Please print the entries below exactly, from the line with "Diesel t-diegor-div magliette t-shirt zwart" through the line with "Mapa moderno de", including both of those lines and leaving out all others.
───── DATA LISTING ─────
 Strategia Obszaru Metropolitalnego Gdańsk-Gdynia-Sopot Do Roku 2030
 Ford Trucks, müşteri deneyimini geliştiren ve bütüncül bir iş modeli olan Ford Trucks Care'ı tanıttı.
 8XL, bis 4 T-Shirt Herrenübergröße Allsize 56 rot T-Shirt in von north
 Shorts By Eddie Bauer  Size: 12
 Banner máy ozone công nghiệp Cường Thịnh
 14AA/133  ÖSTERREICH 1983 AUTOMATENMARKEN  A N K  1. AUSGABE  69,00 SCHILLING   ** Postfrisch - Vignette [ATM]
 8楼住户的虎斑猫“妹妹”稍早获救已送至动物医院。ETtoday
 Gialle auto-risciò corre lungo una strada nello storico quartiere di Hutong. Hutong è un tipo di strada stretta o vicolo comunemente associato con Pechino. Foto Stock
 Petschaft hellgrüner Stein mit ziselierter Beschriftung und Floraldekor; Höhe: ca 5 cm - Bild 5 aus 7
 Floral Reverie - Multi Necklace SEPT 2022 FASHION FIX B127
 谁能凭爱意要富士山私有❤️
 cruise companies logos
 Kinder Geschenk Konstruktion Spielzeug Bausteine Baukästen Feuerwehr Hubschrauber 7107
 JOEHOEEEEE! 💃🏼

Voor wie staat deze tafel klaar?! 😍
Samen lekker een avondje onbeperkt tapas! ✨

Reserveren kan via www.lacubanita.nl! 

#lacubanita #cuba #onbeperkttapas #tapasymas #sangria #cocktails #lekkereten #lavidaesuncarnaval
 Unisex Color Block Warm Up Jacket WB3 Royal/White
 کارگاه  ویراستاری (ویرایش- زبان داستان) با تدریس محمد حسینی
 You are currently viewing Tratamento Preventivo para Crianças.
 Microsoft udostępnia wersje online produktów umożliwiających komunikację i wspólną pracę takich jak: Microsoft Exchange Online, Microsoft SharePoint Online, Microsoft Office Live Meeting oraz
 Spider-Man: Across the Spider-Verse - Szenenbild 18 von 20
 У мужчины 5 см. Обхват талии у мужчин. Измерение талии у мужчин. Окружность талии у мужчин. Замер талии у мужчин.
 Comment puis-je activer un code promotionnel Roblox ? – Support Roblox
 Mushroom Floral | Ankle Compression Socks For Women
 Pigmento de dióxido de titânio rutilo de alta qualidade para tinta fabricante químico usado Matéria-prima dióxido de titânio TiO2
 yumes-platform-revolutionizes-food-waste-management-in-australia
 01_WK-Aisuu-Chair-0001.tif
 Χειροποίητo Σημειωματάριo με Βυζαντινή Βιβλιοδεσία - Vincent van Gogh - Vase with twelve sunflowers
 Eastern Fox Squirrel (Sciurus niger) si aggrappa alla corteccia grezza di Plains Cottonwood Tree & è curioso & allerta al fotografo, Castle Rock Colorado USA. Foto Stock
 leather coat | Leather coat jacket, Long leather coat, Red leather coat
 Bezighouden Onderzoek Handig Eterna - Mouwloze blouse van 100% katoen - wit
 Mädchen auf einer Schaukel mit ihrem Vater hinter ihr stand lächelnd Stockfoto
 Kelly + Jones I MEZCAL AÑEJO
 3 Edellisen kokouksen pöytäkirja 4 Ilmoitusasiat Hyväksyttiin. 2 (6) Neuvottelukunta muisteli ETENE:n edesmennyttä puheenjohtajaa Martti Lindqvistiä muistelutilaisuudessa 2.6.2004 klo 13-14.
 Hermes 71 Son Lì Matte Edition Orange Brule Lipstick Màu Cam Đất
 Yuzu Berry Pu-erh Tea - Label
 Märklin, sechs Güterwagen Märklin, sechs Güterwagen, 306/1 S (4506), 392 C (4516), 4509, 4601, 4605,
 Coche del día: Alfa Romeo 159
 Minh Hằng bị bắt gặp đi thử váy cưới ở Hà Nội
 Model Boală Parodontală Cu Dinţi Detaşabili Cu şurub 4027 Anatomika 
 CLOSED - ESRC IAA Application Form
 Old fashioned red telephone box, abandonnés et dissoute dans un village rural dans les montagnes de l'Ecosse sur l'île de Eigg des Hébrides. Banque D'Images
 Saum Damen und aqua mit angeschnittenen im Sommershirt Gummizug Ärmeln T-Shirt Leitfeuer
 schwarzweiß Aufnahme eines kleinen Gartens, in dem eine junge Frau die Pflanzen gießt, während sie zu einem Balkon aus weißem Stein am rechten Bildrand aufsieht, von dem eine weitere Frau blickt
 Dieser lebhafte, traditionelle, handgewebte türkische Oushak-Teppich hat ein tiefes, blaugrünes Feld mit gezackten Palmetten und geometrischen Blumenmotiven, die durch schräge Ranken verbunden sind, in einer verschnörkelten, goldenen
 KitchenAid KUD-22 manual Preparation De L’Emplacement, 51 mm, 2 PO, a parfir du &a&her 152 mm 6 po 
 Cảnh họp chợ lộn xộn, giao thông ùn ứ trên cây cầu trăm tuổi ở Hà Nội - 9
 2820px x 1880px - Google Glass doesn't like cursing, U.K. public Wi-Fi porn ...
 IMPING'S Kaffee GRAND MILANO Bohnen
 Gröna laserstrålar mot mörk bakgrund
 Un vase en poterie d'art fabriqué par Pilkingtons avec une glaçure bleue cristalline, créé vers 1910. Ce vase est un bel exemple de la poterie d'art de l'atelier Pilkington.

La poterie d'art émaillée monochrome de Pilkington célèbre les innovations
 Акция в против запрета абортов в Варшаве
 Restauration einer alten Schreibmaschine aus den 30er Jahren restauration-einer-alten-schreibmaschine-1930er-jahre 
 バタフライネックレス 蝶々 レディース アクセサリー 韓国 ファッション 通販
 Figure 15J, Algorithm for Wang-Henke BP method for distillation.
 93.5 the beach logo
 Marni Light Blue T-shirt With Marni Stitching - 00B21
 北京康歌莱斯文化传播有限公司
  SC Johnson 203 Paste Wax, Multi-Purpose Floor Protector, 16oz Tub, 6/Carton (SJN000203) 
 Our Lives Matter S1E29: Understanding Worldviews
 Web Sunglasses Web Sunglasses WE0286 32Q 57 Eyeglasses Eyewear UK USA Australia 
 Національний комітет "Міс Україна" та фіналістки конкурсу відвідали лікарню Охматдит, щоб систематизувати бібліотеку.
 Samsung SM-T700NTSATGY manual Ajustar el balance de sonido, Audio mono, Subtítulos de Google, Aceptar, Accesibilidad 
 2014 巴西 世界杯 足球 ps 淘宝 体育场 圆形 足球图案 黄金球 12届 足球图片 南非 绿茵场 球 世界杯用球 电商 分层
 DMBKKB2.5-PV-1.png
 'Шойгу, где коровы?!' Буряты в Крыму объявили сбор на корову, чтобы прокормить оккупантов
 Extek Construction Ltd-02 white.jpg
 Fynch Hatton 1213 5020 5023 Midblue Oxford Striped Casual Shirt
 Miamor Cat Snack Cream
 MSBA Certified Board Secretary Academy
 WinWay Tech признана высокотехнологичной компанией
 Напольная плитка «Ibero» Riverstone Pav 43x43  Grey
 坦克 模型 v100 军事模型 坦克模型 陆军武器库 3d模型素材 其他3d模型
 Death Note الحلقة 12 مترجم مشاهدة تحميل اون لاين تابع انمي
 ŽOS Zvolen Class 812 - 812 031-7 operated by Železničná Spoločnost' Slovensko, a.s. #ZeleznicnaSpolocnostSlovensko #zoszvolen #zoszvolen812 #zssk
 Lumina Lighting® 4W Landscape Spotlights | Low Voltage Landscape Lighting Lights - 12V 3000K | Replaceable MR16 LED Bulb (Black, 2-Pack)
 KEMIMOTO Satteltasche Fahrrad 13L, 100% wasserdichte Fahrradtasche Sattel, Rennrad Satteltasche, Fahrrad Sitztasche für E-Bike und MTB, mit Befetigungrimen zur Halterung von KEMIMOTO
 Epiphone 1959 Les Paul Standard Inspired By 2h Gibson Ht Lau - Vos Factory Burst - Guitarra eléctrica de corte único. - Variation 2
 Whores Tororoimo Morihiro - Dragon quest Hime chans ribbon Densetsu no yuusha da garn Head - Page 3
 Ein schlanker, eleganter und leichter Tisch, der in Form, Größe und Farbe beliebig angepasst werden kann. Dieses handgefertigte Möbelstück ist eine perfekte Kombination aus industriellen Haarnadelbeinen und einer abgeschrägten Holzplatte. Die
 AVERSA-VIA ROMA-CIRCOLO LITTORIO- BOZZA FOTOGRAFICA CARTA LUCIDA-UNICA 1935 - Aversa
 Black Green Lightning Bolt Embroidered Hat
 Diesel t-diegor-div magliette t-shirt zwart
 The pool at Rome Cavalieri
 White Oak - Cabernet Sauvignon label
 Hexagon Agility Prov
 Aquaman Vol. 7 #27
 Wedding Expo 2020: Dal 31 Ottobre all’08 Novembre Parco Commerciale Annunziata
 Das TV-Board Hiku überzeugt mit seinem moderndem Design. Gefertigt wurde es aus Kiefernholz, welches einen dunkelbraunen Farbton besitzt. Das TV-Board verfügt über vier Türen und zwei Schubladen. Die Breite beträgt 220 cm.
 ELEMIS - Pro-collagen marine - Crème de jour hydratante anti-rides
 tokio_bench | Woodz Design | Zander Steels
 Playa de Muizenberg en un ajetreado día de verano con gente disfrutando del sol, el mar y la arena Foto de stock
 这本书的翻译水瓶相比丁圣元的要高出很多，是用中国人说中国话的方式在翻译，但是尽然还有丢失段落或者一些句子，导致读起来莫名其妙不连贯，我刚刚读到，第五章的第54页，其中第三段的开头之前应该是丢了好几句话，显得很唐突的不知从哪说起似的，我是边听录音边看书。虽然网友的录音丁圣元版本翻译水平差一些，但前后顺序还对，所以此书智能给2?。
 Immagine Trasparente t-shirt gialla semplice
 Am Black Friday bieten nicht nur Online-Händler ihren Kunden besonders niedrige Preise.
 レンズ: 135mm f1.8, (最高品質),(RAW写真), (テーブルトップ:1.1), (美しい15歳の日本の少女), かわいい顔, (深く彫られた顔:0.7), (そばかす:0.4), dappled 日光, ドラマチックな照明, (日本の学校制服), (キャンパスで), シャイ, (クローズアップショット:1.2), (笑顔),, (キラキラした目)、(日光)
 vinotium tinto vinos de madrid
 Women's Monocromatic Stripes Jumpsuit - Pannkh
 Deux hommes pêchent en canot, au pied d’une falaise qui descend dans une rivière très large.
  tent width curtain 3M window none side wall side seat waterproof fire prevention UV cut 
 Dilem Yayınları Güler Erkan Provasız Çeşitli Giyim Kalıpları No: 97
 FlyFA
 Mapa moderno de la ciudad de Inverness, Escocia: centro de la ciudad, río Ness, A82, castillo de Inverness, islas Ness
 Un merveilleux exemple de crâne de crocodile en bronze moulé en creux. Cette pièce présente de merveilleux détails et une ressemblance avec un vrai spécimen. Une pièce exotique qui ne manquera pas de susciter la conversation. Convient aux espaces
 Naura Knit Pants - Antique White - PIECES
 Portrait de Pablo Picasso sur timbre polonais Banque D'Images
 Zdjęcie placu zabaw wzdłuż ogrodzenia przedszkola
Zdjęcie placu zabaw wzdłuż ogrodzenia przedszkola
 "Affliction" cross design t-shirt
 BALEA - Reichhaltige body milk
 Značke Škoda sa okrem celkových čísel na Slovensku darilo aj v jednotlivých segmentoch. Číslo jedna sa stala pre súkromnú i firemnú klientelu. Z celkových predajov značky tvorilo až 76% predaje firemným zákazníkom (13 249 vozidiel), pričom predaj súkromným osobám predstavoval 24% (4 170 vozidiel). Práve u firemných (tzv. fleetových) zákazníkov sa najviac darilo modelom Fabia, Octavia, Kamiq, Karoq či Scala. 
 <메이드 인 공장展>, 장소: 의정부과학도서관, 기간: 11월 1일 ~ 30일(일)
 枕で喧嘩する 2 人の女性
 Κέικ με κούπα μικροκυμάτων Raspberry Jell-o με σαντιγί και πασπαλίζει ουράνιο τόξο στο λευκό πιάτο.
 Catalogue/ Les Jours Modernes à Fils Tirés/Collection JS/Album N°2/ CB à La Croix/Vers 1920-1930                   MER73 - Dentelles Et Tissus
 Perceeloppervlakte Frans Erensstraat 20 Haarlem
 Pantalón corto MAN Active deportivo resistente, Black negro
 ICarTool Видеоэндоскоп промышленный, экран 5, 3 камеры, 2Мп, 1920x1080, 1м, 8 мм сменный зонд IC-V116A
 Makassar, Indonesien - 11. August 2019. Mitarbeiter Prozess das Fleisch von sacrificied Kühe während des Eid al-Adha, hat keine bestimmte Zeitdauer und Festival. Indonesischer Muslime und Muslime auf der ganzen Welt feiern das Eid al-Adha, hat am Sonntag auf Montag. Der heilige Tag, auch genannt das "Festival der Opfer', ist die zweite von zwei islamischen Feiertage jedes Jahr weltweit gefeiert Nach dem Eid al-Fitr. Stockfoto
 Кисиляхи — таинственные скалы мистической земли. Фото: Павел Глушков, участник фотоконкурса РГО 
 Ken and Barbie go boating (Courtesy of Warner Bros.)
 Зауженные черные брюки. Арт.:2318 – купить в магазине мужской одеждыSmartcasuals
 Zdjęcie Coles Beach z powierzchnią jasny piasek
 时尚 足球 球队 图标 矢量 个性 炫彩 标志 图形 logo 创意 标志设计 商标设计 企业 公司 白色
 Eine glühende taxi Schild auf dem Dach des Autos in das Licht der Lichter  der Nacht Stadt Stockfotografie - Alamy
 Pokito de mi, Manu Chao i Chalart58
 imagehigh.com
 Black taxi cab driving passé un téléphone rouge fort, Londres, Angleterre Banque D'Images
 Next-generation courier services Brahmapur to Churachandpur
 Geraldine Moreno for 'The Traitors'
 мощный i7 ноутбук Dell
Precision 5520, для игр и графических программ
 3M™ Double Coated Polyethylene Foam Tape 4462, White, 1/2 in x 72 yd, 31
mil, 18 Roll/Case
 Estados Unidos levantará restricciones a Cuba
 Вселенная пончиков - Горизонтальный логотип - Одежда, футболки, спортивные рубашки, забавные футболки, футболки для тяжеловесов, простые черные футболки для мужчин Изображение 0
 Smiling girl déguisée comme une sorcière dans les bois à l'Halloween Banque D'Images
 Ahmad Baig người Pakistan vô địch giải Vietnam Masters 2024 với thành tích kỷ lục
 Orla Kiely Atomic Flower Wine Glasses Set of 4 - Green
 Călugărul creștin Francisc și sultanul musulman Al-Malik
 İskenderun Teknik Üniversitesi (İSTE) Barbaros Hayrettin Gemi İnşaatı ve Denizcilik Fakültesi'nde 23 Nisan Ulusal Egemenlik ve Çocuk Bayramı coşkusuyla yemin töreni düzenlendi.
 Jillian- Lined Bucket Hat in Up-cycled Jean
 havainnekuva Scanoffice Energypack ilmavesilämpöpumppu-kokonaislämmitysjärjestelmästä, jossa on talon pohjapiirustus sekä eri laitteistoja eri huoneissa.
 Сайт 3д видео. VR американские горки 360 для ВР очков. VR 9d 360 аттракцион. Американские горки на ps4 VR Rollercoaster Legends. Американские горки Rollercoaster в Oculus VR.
─────
RESULT OF THE TASK:
 Diesel t-diegor-div magliette t-shirt zwart
 The pool at Rome Cavalieri
 White Oak - Cabernet Sauvignon label
 Hexagon Agility Prov
 Aquaman Vol. 7 #27
 Wedding Expo 2020: Dal 31 Ottobre all’08 Novembre Parco Commerciale Annunziata
 Das TV-Board Hiku überzeugt mit seinem moderndem Design. Gefertigt wurde es aus Kiefernholz, welches einen dunkelbraunen Farbton besitzt. Das TV-Board verfügt über vier Türen und zwei Schubladen. Die Breite beträgt 220 cm.
 ELEMIS - Pro-collagen marine - Crème de jour hydratante anti-rides
 tokio_bench | Woodz Design | Zander Steels
 Playa de Muizenberg en un ajetreado día de verano con gente disfrutando del sol, el mar y la arena Foto de stock
 这本书的翻译水瓶相比丁圣元的要高出很多，是用中国人说中国话的方式在翻译，但是尽然还有丢失段落或者一些句子，导致读起来莫名其妙不连贯，我刚刚读到，第五章的第54页，其中第三段的开头之前应该是丢了好几句话，显得很唐突的不知从哪说起似的，我是边听录音边看书。虽然网友的录音丁圣元版本翻译水平差一些，但前后顺序还对，所以此书智能给2?。
 Immagine Trasparente t-shirt gialla semplice
 Am Black Friday bieten nicht nur Online-Händler ihren Kunden besonders niedrige Preise.
 レンズ: 135mm f1.8, (最高品質),(RAW写真), (テーブルトップ:1.1), (美しい15歳の日本の少女), かわいい顔, (深く彫られた顔:0.7), (そばかす:0.4), dappled 日光, ドラマチックな照明, (日本の学校制服), (キャンパスで), シャイ, (クローズアップショット:1.2), (笑顔),, (キラキラした目)、(日光)
 vinotium tinto vinos de madrid
 Women's Monocromatic Stripes Jumpsuit - Pannkh
 Deux hommes pêchent en canot, au pied d’une falaise qui descend dans une rivière très large.
  tent width curtain 3M window none side wall side seat waterproof fire prevention UV cut 
 Dilem Yayınları Güler Erkan Provasız Çeşitli Giyim Kalıpları No: 97
 FlyFA
 Mapa moderno de la ciudad de Inverness, Escocia: centro de la ciudad, río Ness, A82, castillo de Inverness, islas Ness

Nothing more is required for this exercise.